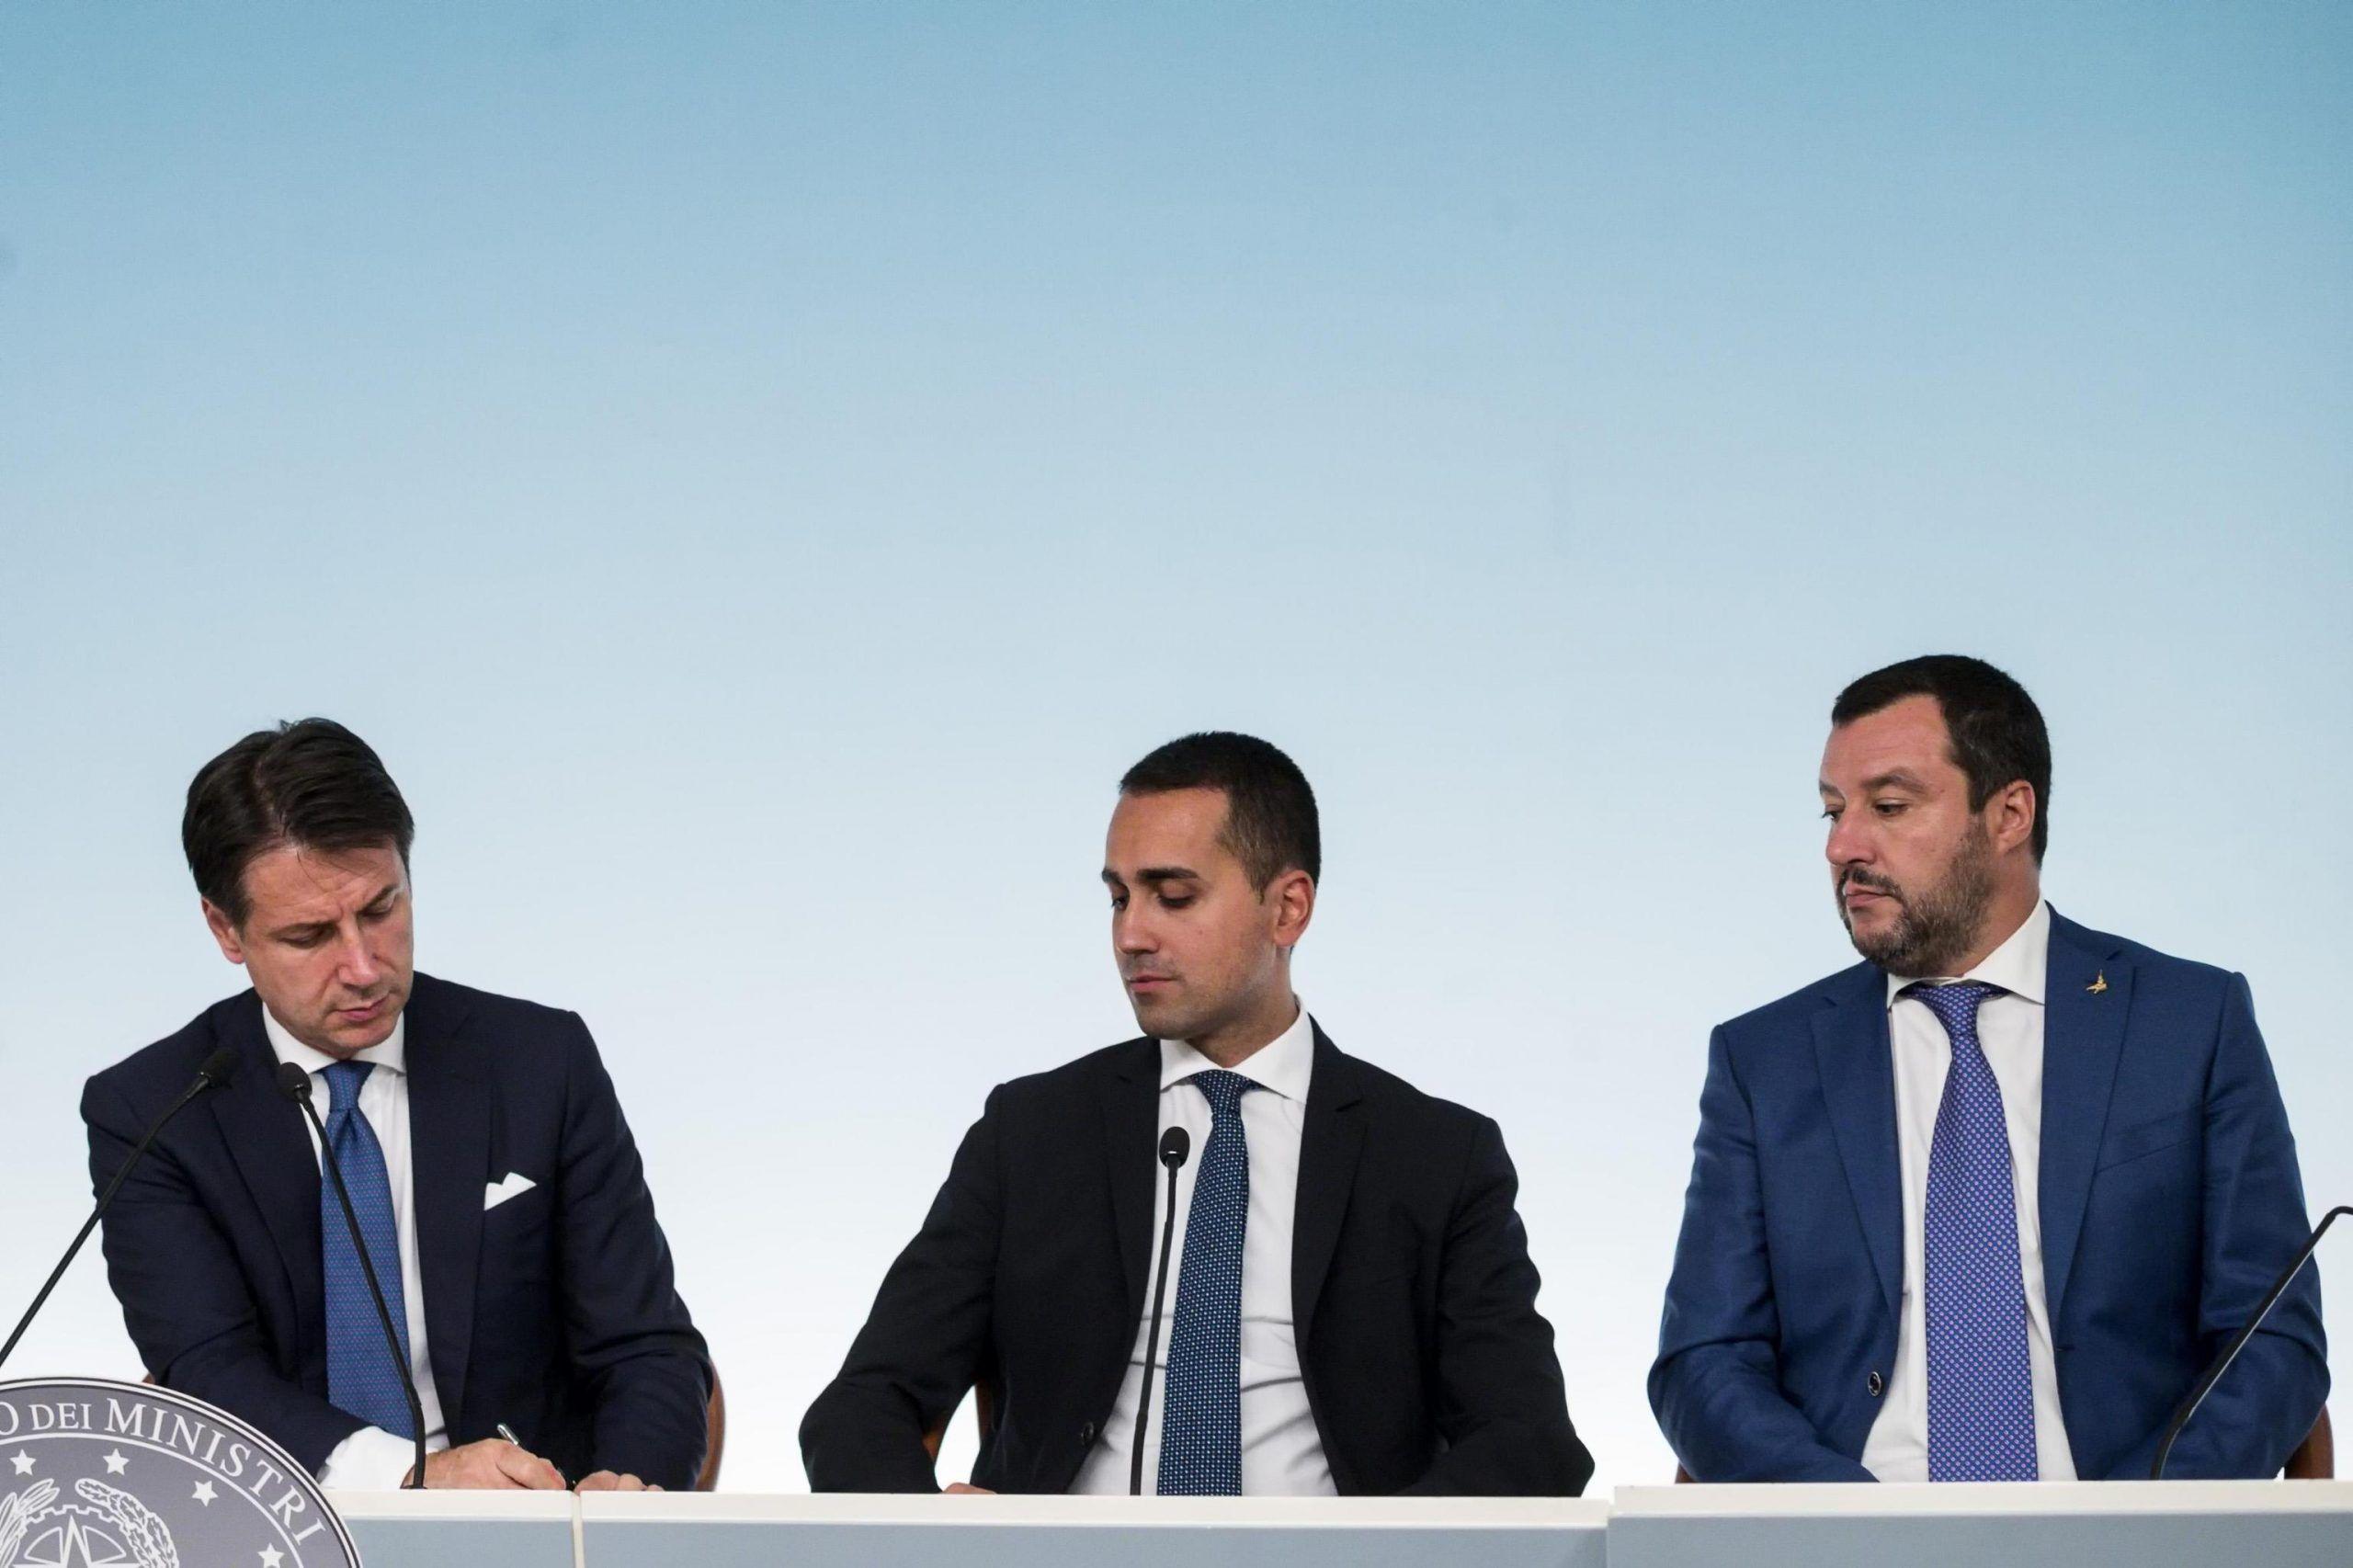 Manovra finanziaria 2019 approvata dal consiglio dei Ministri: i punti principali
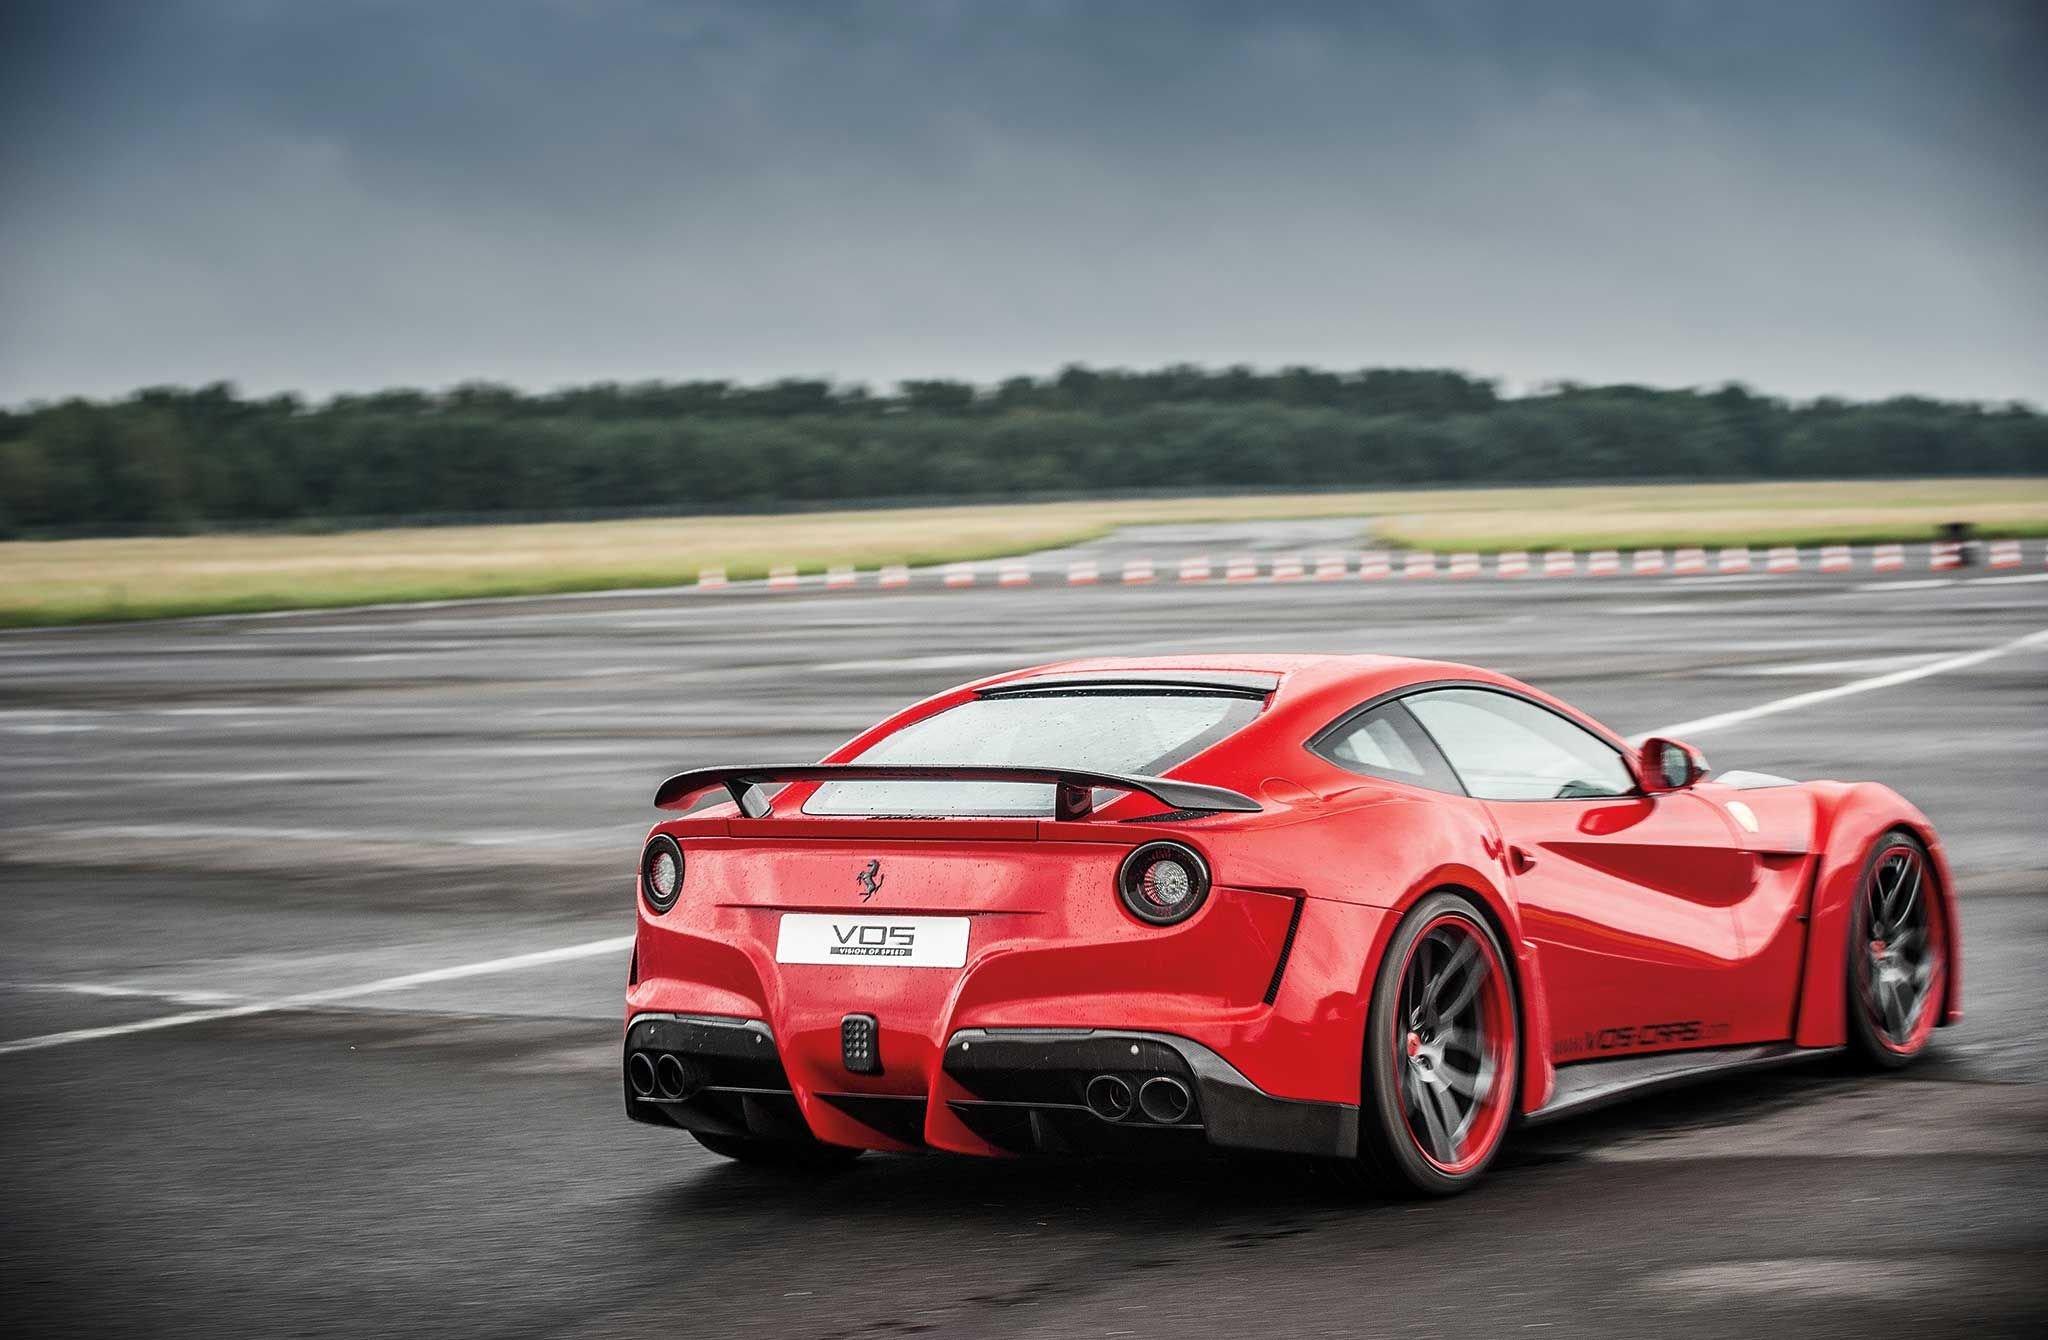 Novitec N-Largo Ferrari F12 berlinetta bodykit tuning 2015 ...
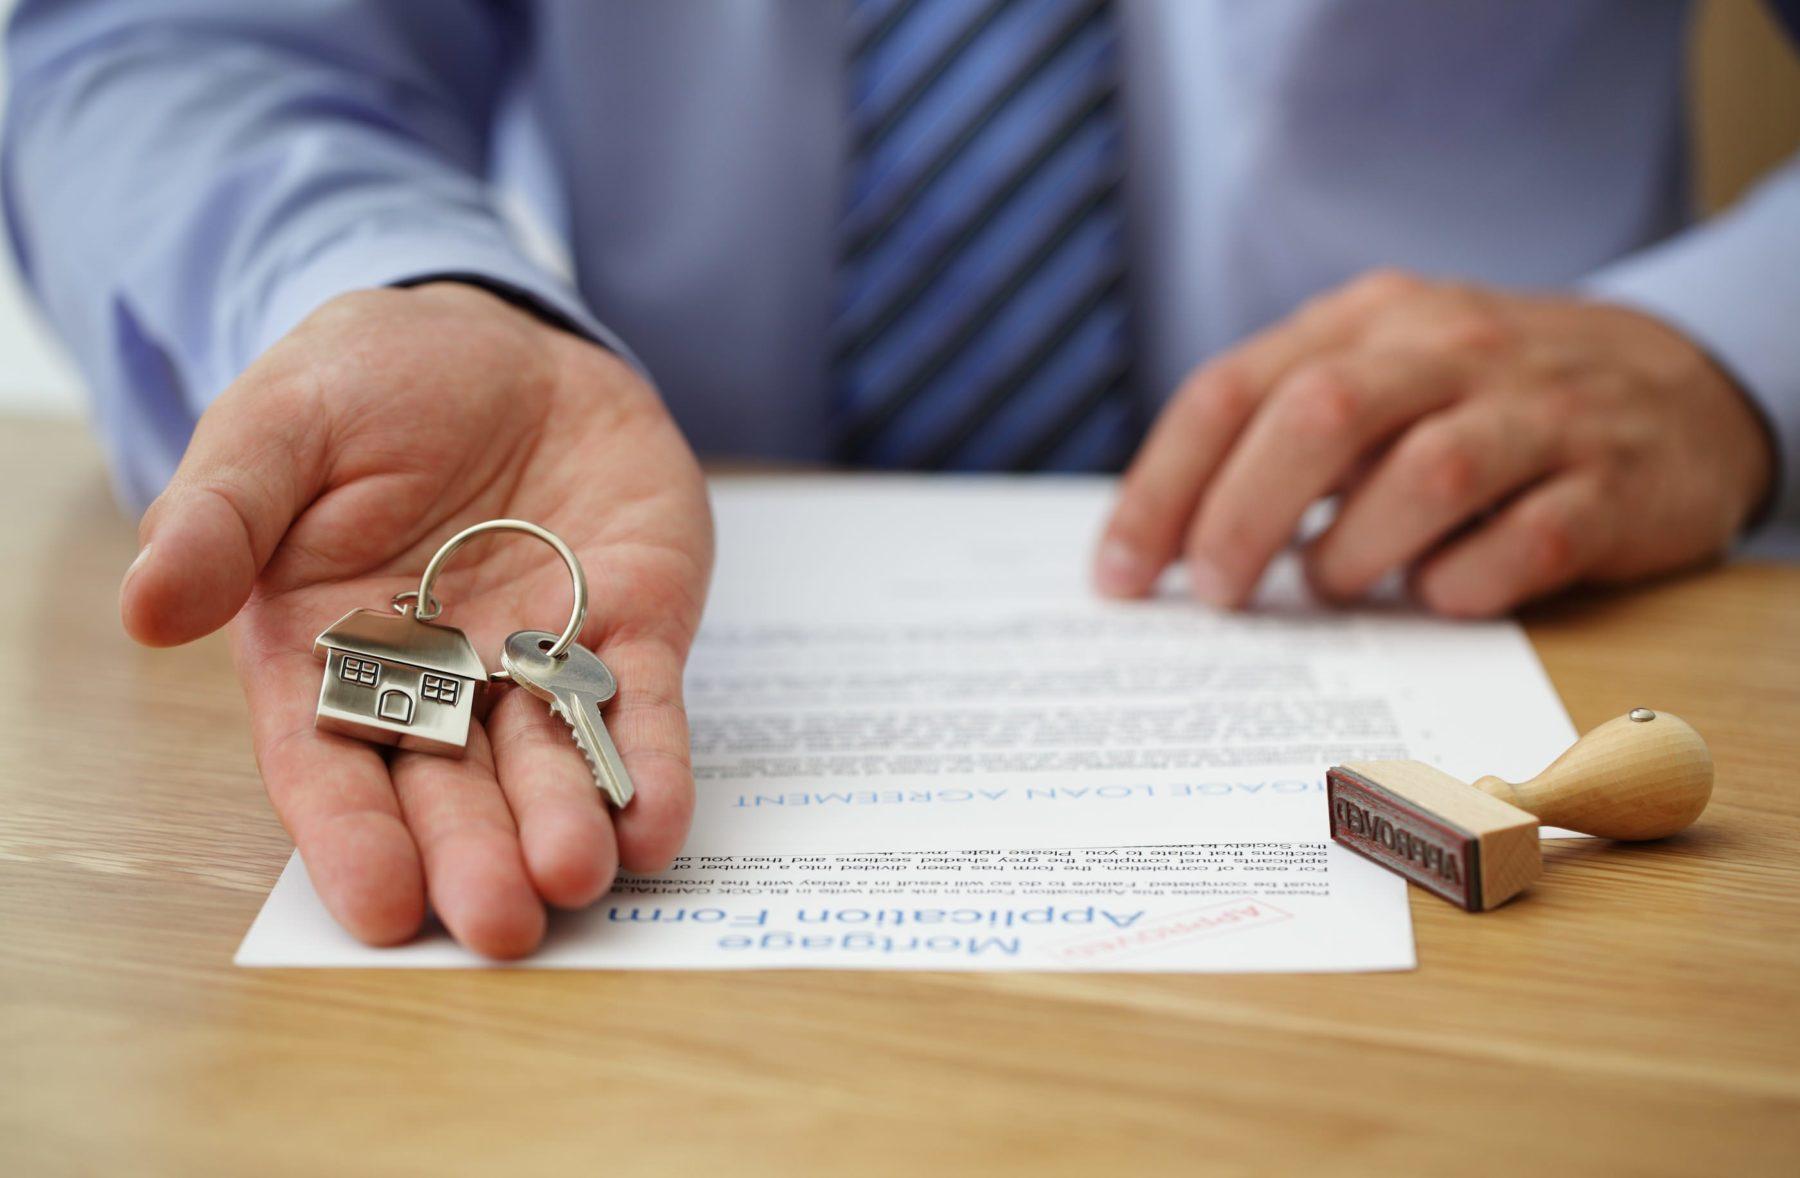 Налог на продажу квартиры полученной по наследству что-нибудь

****************

[ACTIVITY] Write out the full listing verbatim, excluding its pictures.

[ANSWER AREA]
 Manovra finanziaria 2019 approvata dal consiglio dei Ministri: i punti principali
 Novitec N-Largo Ferrari F12 berlinetta bodykit tuning 2015 ...
 Налог на продажу квартиры полученной по наследству что-нибудь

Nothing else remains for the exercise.